_Description of the task_
Exclude images; transcribe the rest of the data exactly.

_Data_
::::::::::

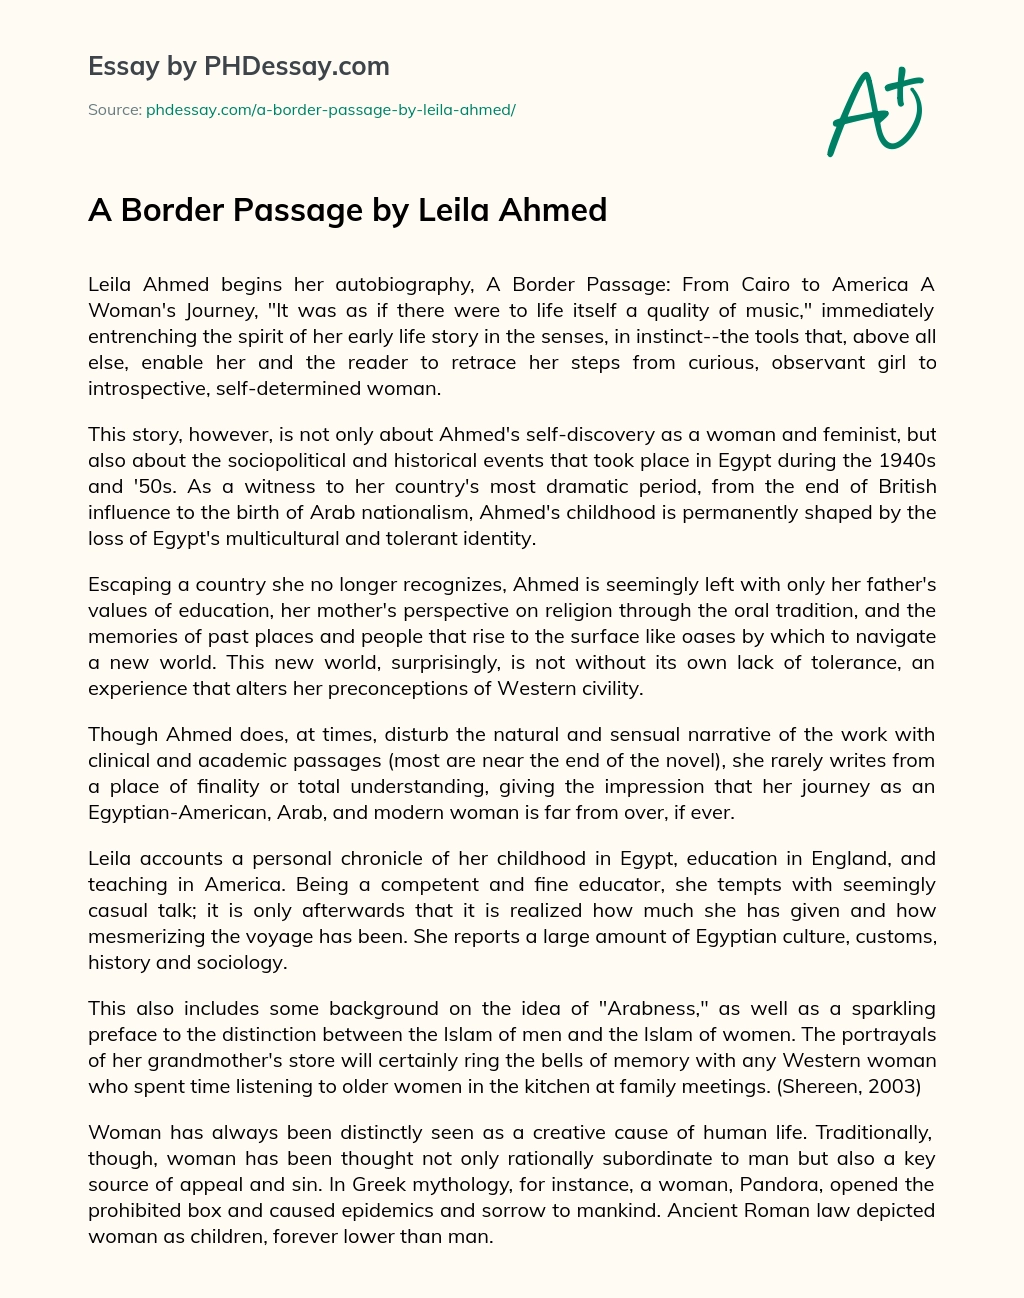 A Border Passage by Leila Ahmed essay
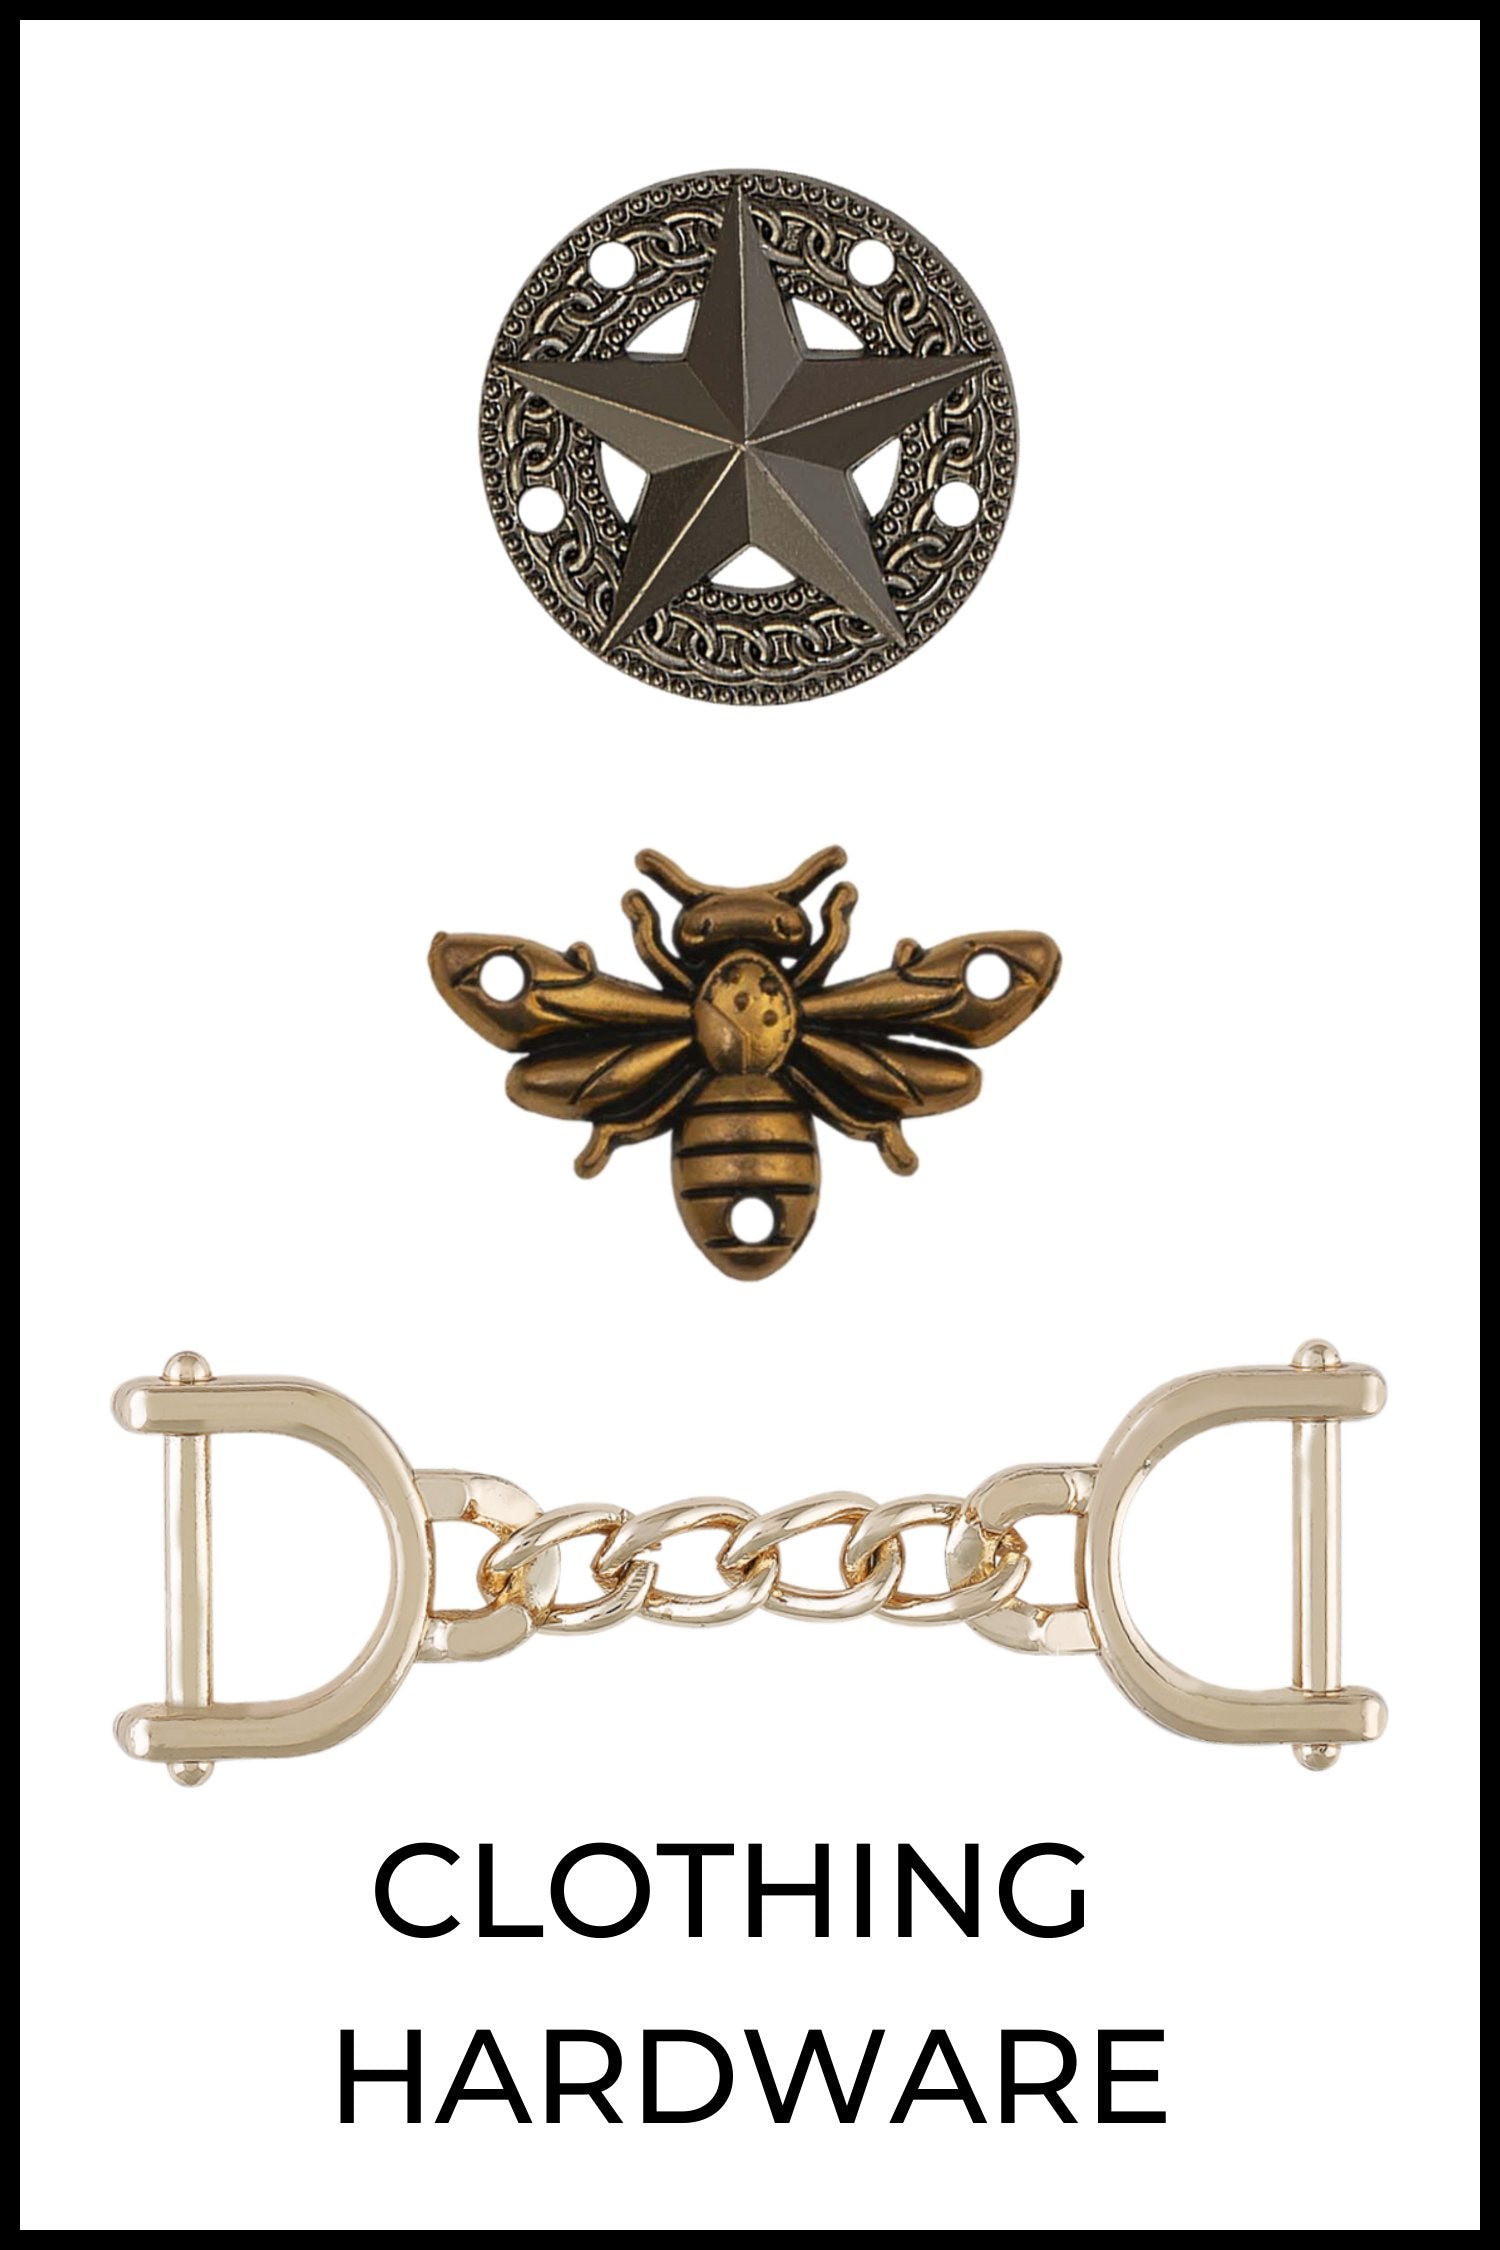 Metal trims & clothing hardware accessories, metal fittings, connectors, bag buckles, shoe buckles& many more classic accessories available on Jhonea Accessories.
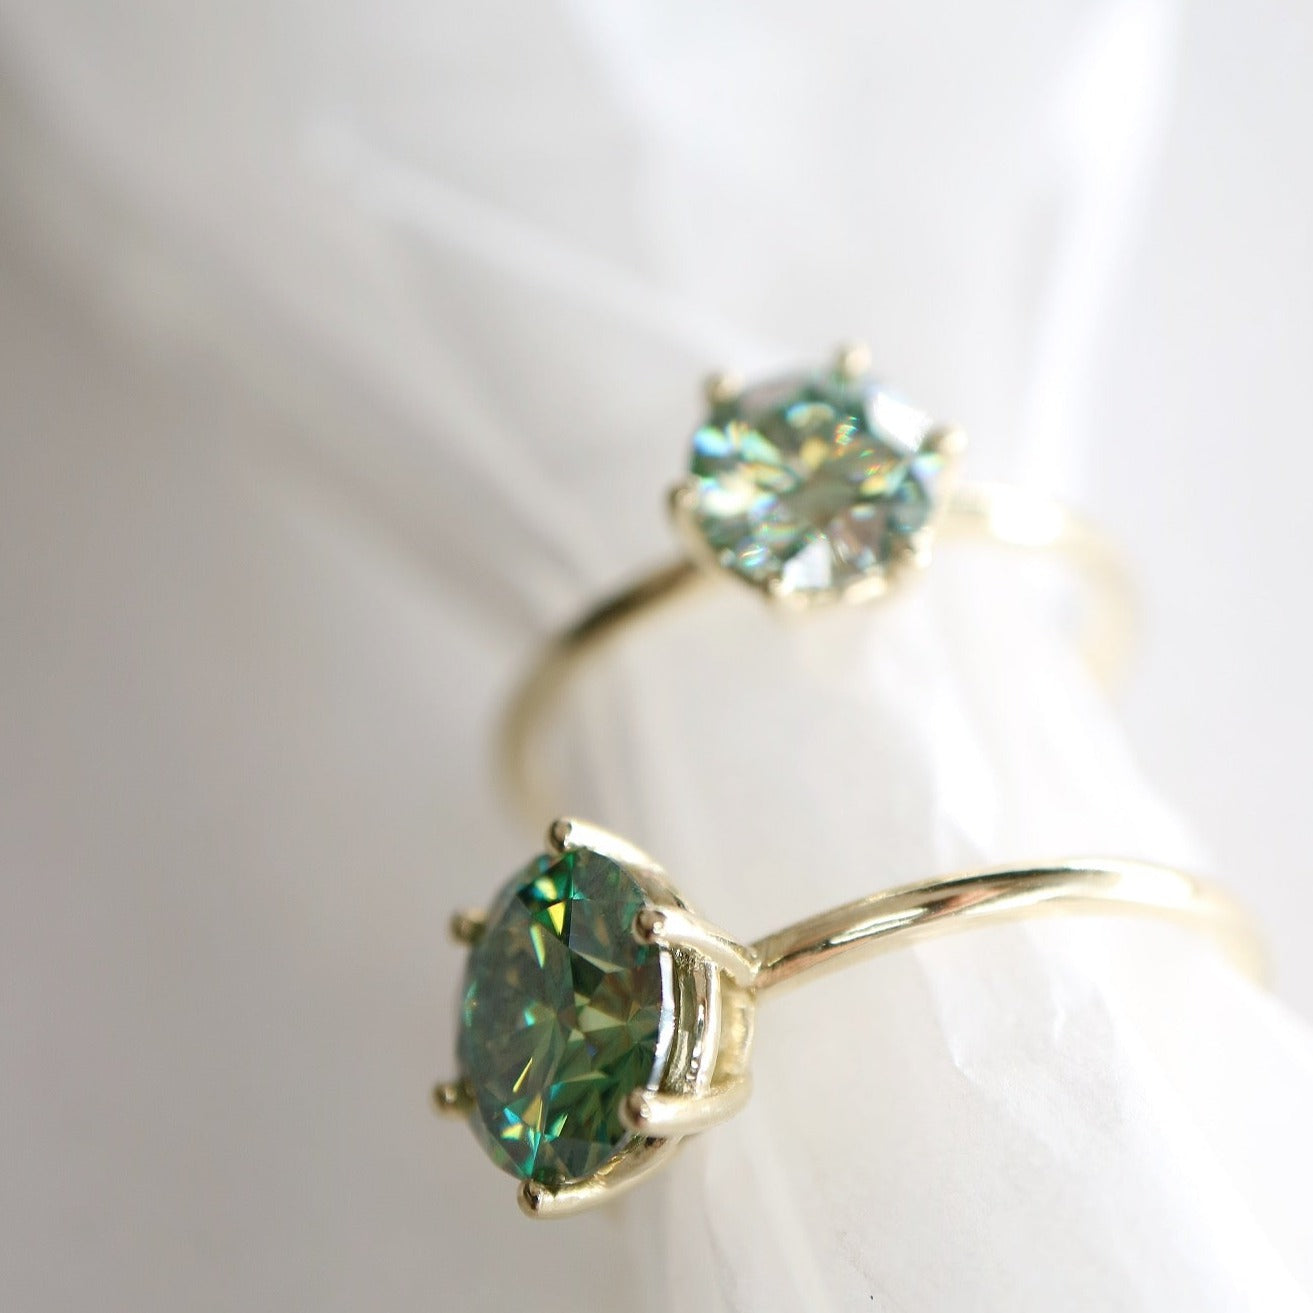 Solid gold and blue moissanite rings

::::::::::

_Your response_
 A Border Passage by Leila Ahmed essay
 Metal trims & clothing hardware accessories, metal fittings, connectors, bag buckles, shoe buckles& many more classic accessories available on Jhonea Accessories.
 Solid gold and blue moissanite rings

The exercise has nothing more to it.